Written and posted for Sunday Scribblings and Big Dreams.

I hate to admit it, folks, but that’s the way it went with a lot of my dreams – big and small.

21.2.10

Love disenchanted

When pigs cease to fly
it’s time to say good-bye.

I’ve had enough of you
and all the times I’d woo

you with four leaves of clover.
See you when hell freezes over.

– Felix Morgenstern (© 2010)

Written specifically for Sunday Scribblings and When Pigs Fly / When Hell Freezes Over.

All the Morgenstern poetry (Felix and Christian) posted in this blog

7.2.10

First Poem

Between the greatest galaxy
and the smallest sigh
the most important sound is
the voice of you or I.

– Deirdre LaPenna (© 2010)

Posted for Sunday Scribblings #201 / Message.

This poetic message is published here by kind permission of the author.
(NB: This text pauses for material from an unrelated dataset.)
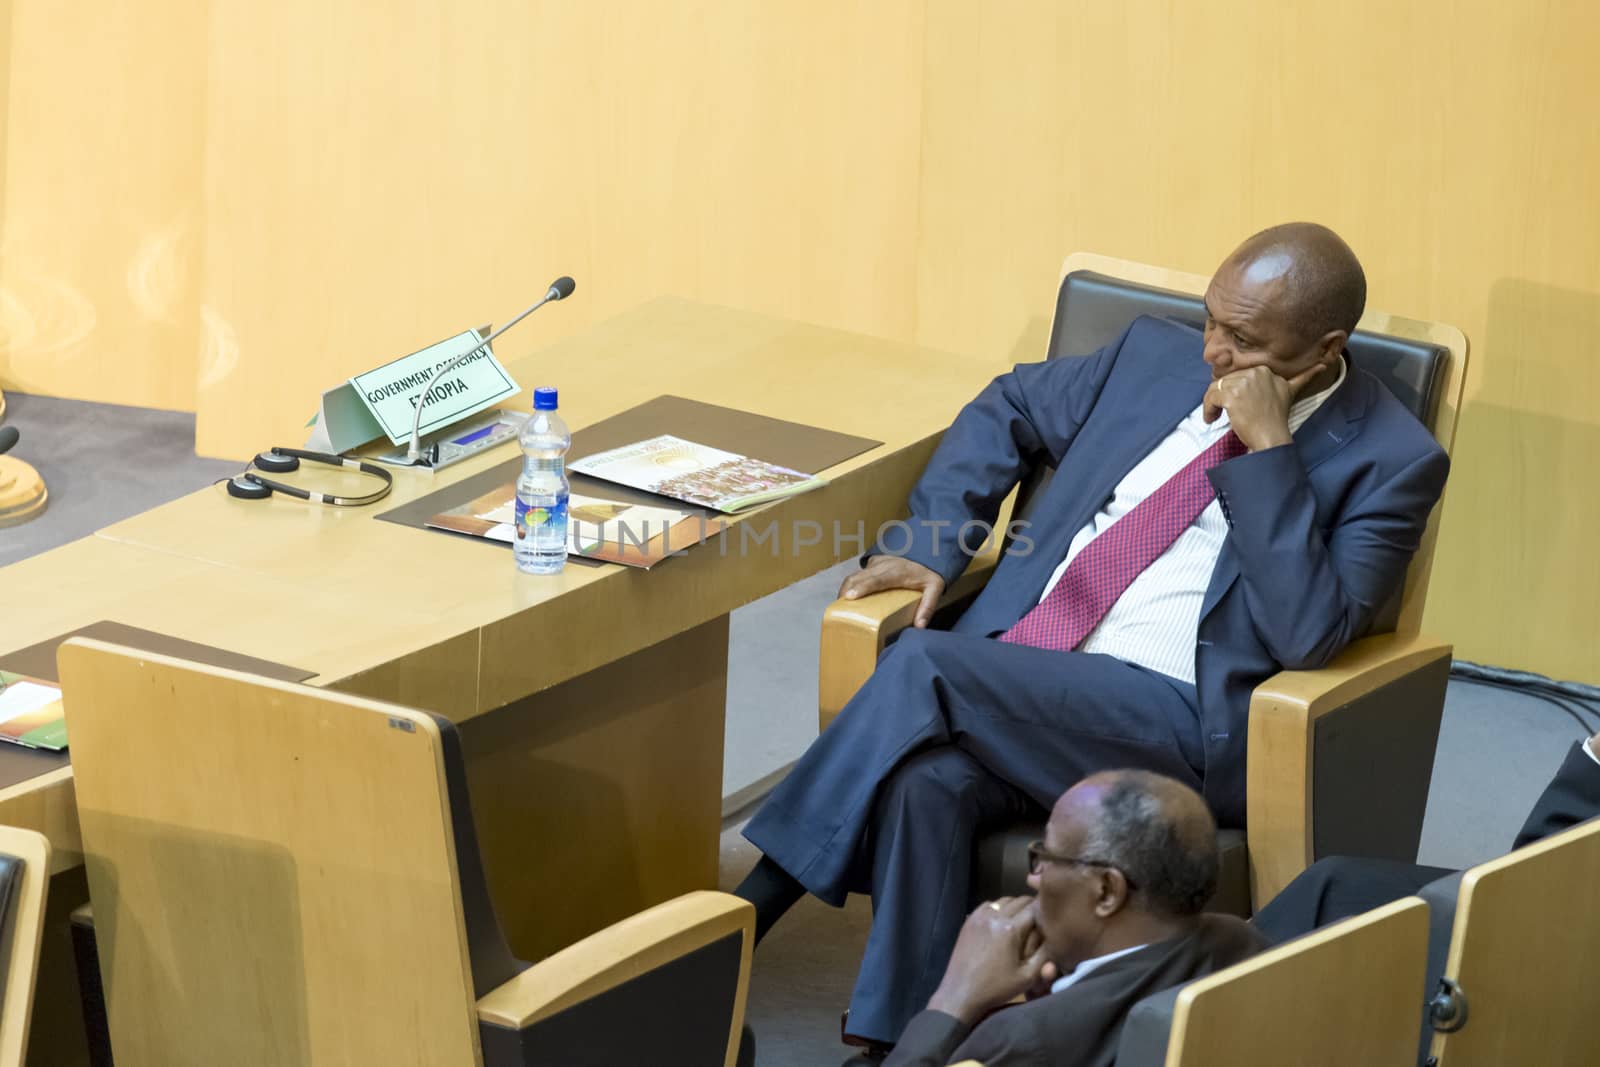 Addis Ababa - July 28: Ato Bereket Semon awaits the arrival of President Obama on July 28, 2015, at the AU Conference Centre in Addis Ababa, Ethiopia.

Older poems by Deirdre LaPenna

28.8.08

Rainer Maria Rilke: Spanish Dancer

Spanish Dancer

As a struck match, before becoming flame, white
flickering tongues in all directions sends,
so, bystanders looking on, unfolds her dance: bright,
hot and hurried, a circular rite,
pulsating with passion, and intense.

And suddenly it is fully aflare.

With just a glance she lights her hair,
and then, with daring art, turns her entire
dress into this flaming ball of fire,
from which, each like a startled snake,
her naked arms dart, rattling and awake.

Then, deeming too close the lambent heat,
she gathers all of if it together and flings it to her feet
with an imperious gesture, haughtily gazing.
There it lies on the floor, enraged and blazing,
and burning still, refusing to retire.
But, confident of victory, her smile assured and sweet,
she lifts her face as if in greeting to the fire,
and stamps it out with solid little feet.

– Rainer Maria Rilke

Translated by Thomas Geydan, published here by kind permission of the translator. Copyright by Thomas Geydan.

6.7.08

She Tells Her Love

She tells her love while half asleep,
In the dark hours,
With half-words whispered low:
As Earth stirs in her winter sleep
And puts out grass and flowers
Despite the snow,
Despite the falling snow.

Robert Graves (1895-1985)

A poem by one of the grand old men of British 20th century poetry, perhaps now remembered not so much for his poetry but his historical novel I, Claudius about the Roman emperor.

3.6.08

Slim Siamese asks Tessa Terrier out

When he asked for a date
she said maybe better wait

and consult a doctor to see
whether we could ever have a family

– Felix Morgenstern

Written for Mad Kane's Dates and Dating prompt.

17.5.08

Inner warning

The more that inner warning sign flashes
the more you’re attracted like a moth to the flame.
How many phoenixes do you want from the ashes?
Aren’t you getting tired of this destructive game?

– Felix Morgenstern (© 2008)

Missed the formal point again by presenting neither limerick nor haiku for Mad Kane’s This is a warning. Contentwise, however, I'm on target, I think.